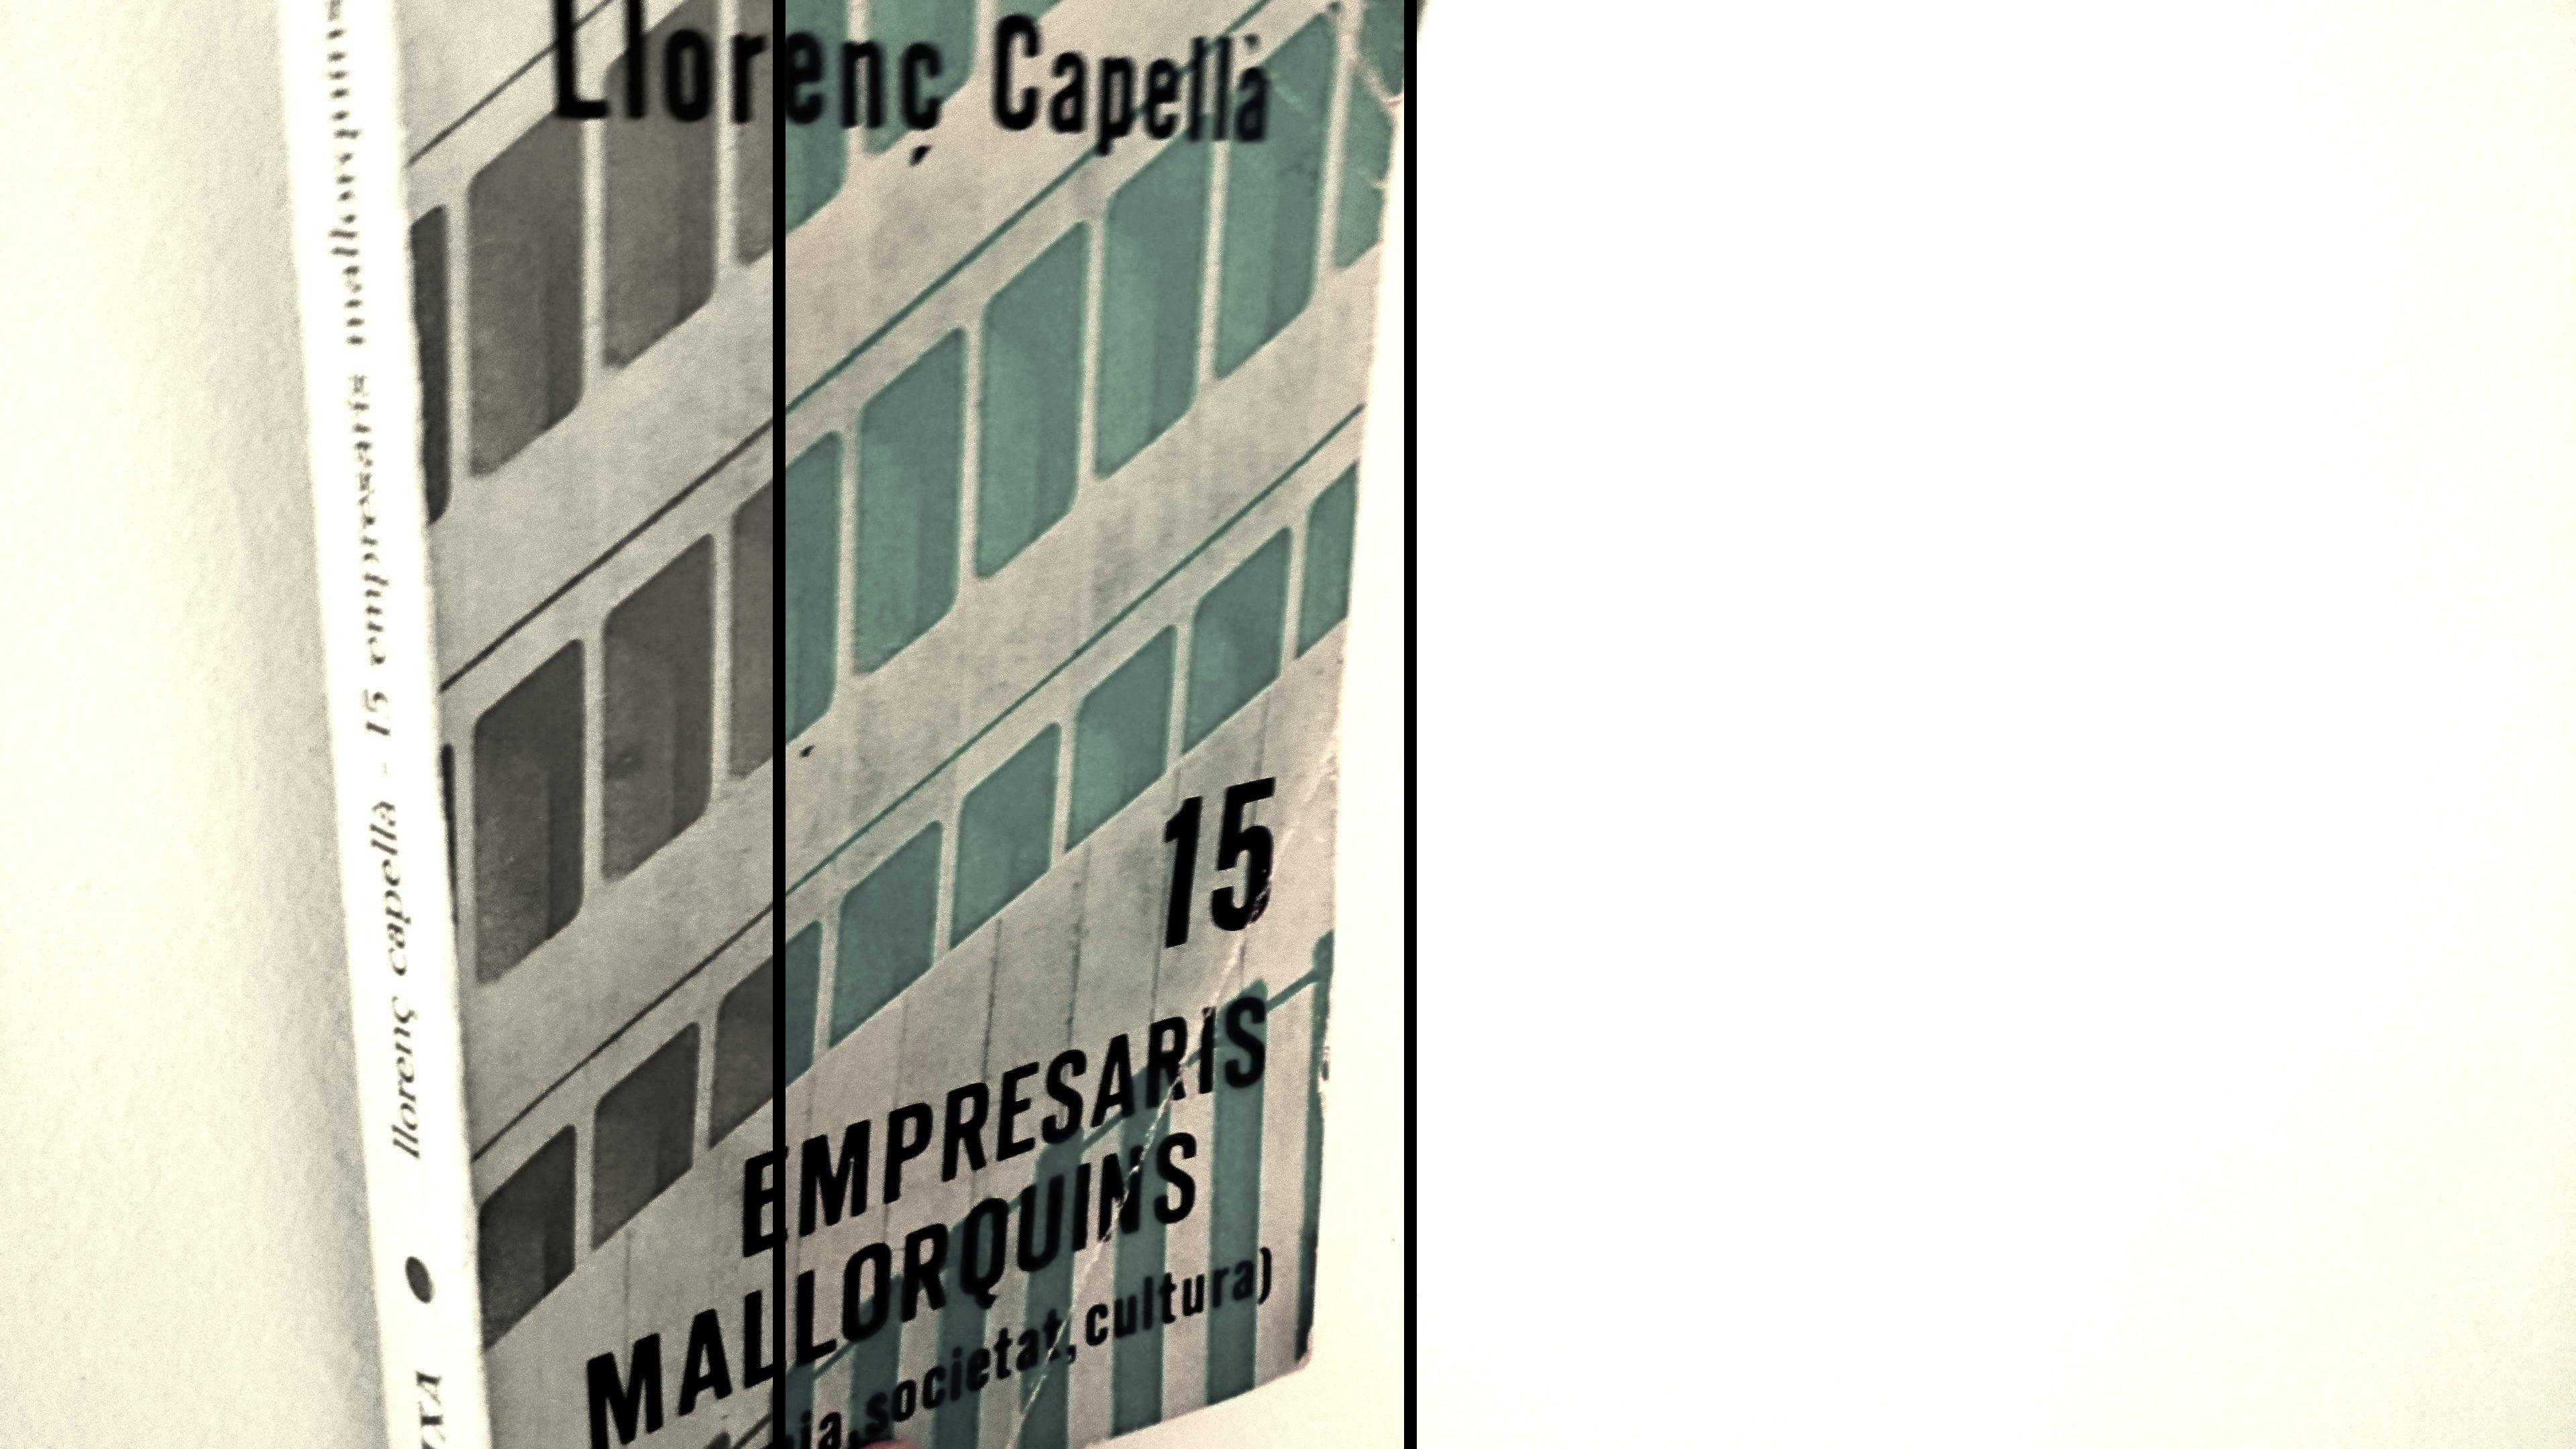 Empresarios mallorquines en la época de Franco (II)
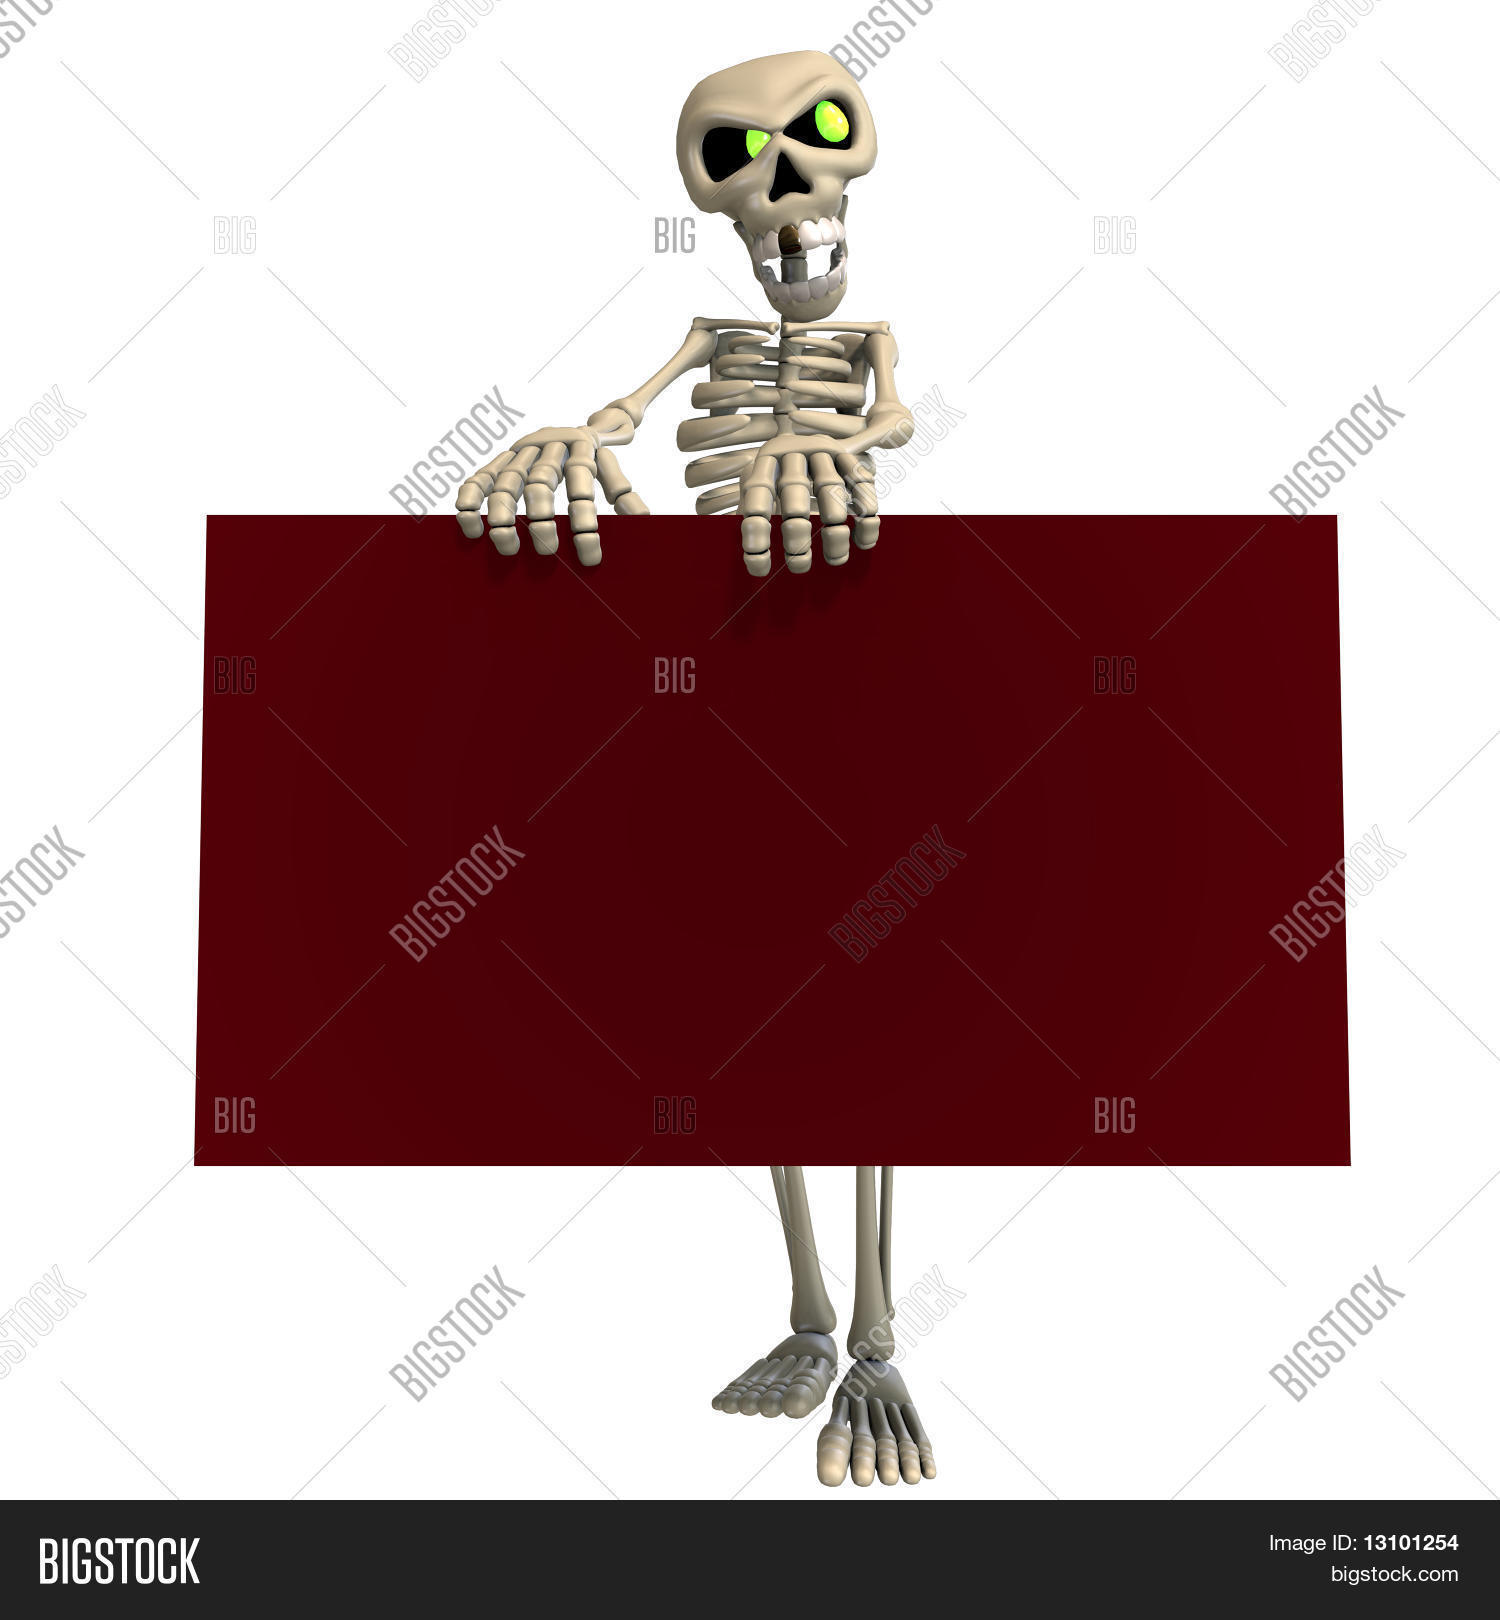 Funny cartoon skeleton invites you image photo bigstock
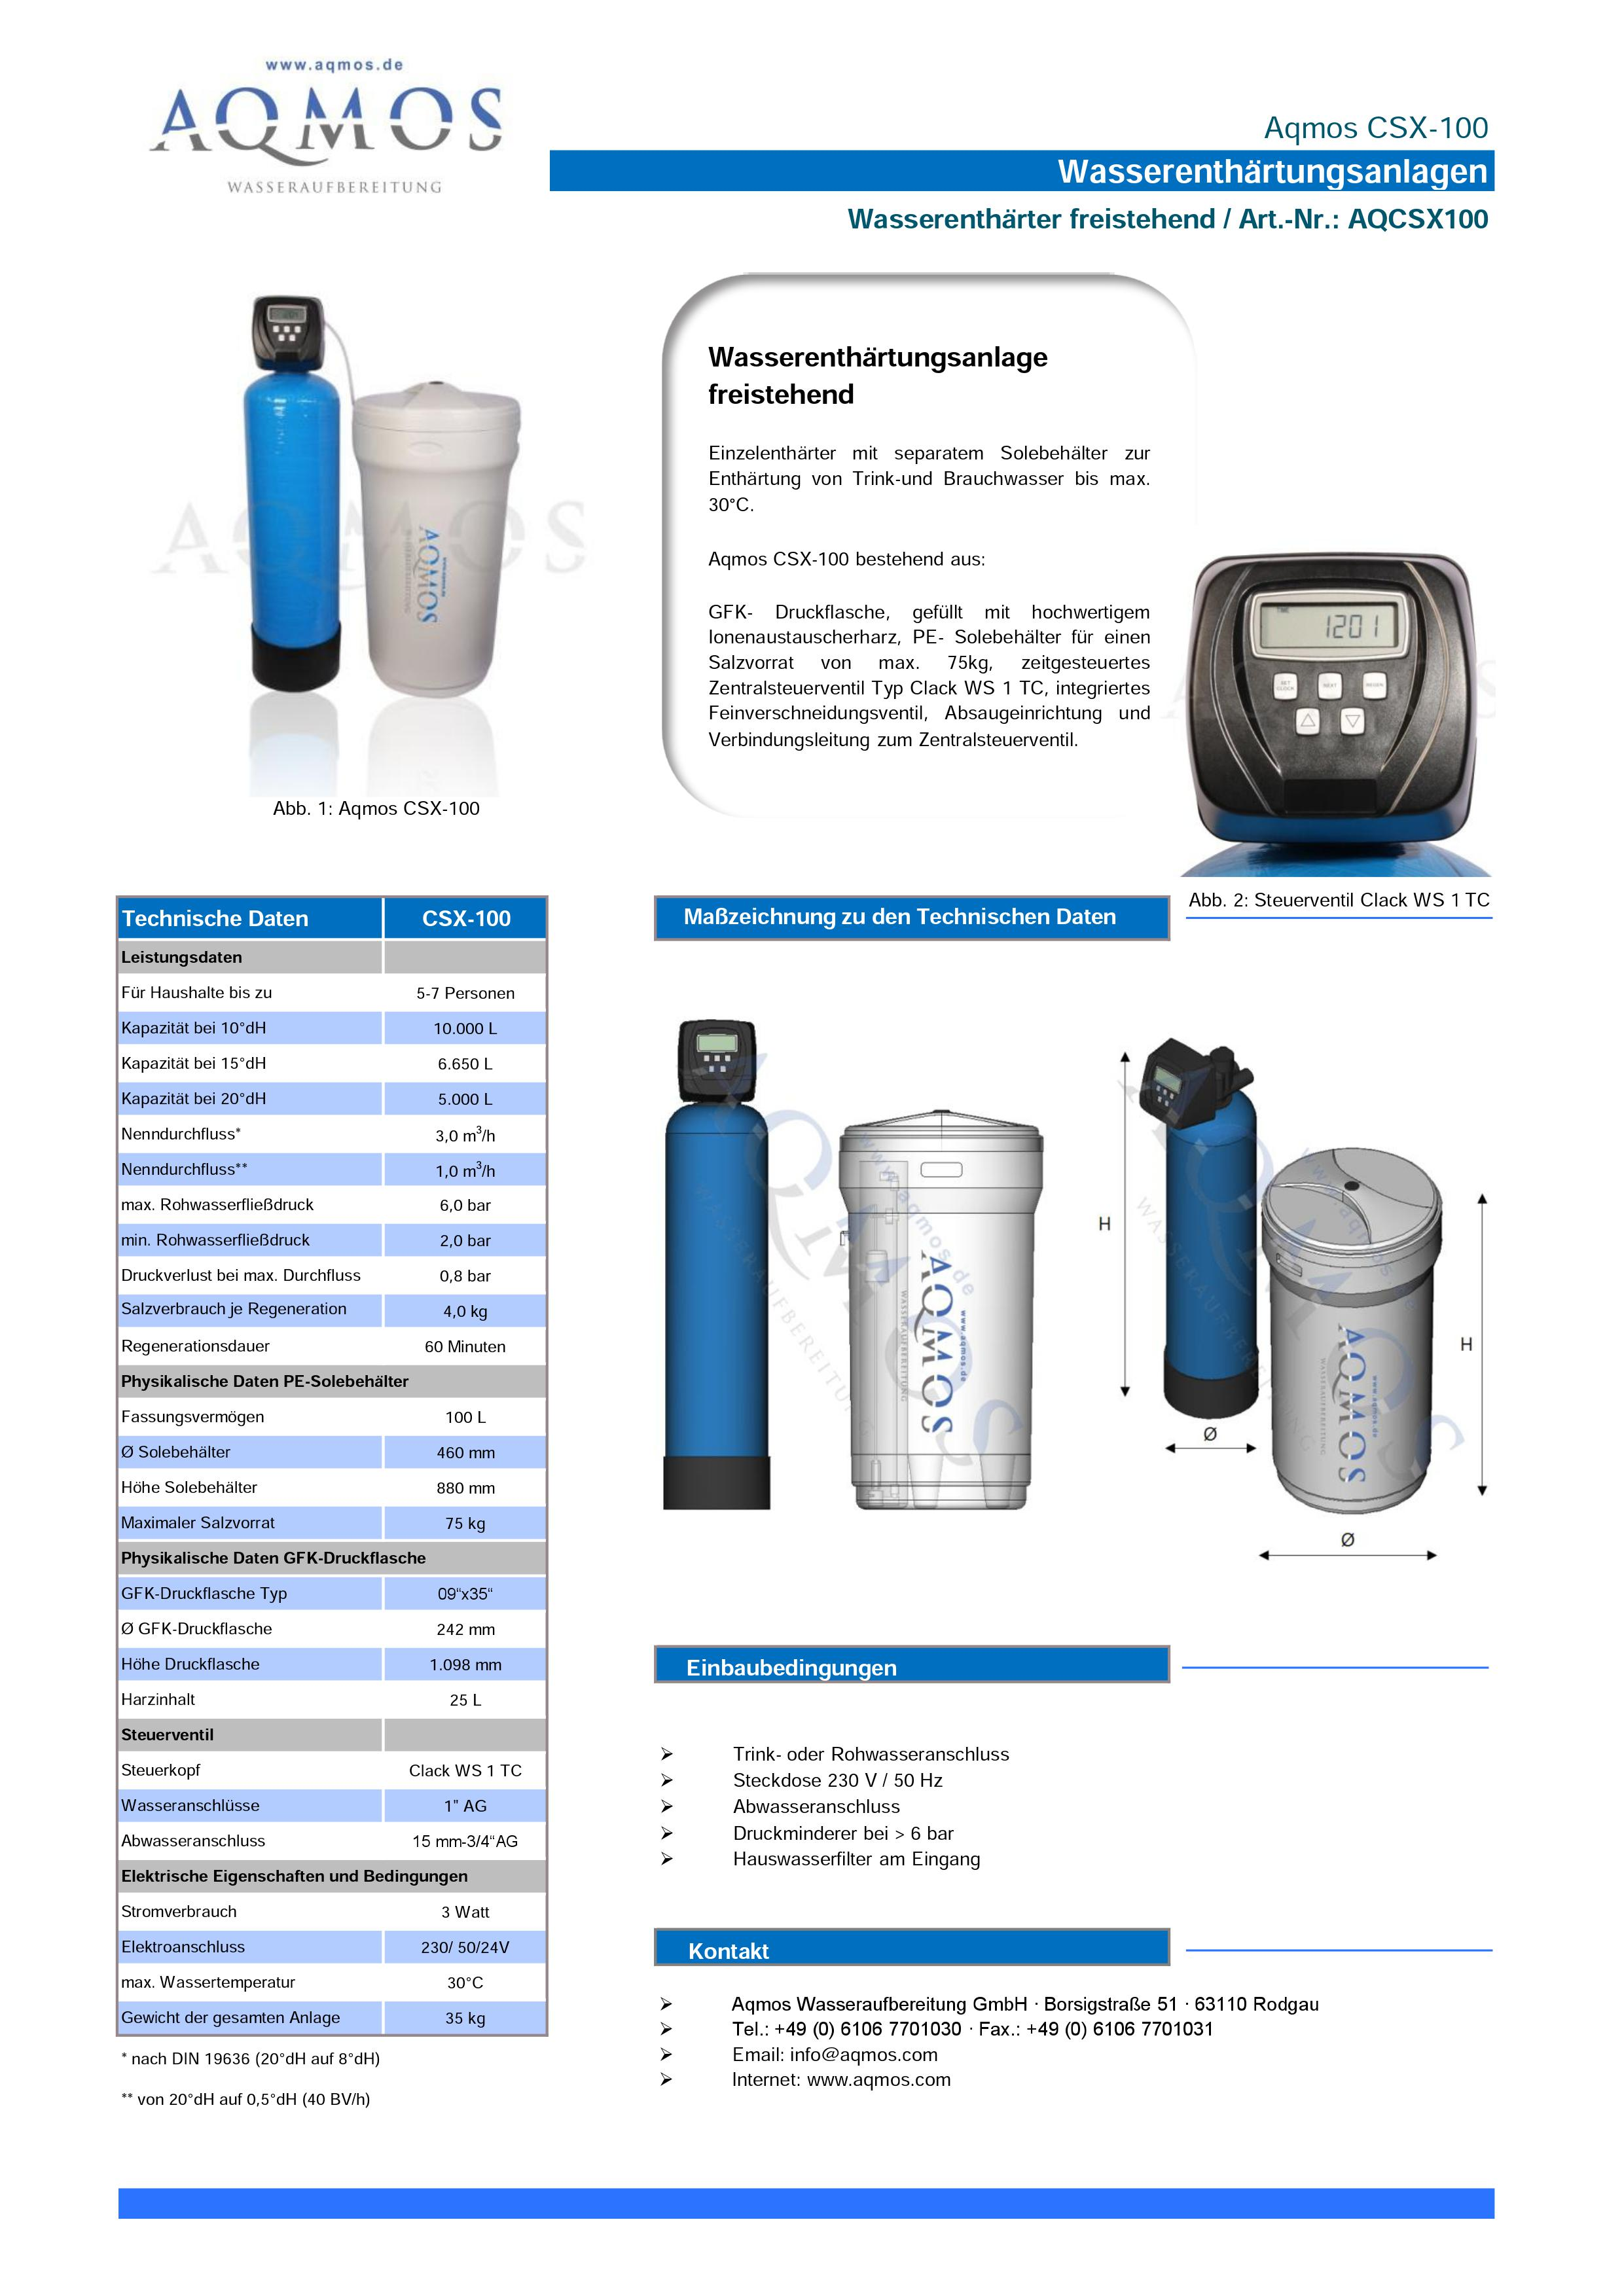 CSX-100-Datenblatt

-*-

:: Your objective ::
Repeat the data exactly, dropping every picture it holds.

:: Written reply ::
 Empresarios mallorquines en la época de Franco (II)
 Funny cartoon skeleton invites you image photo bigstock
 CSX-100-Datenblatt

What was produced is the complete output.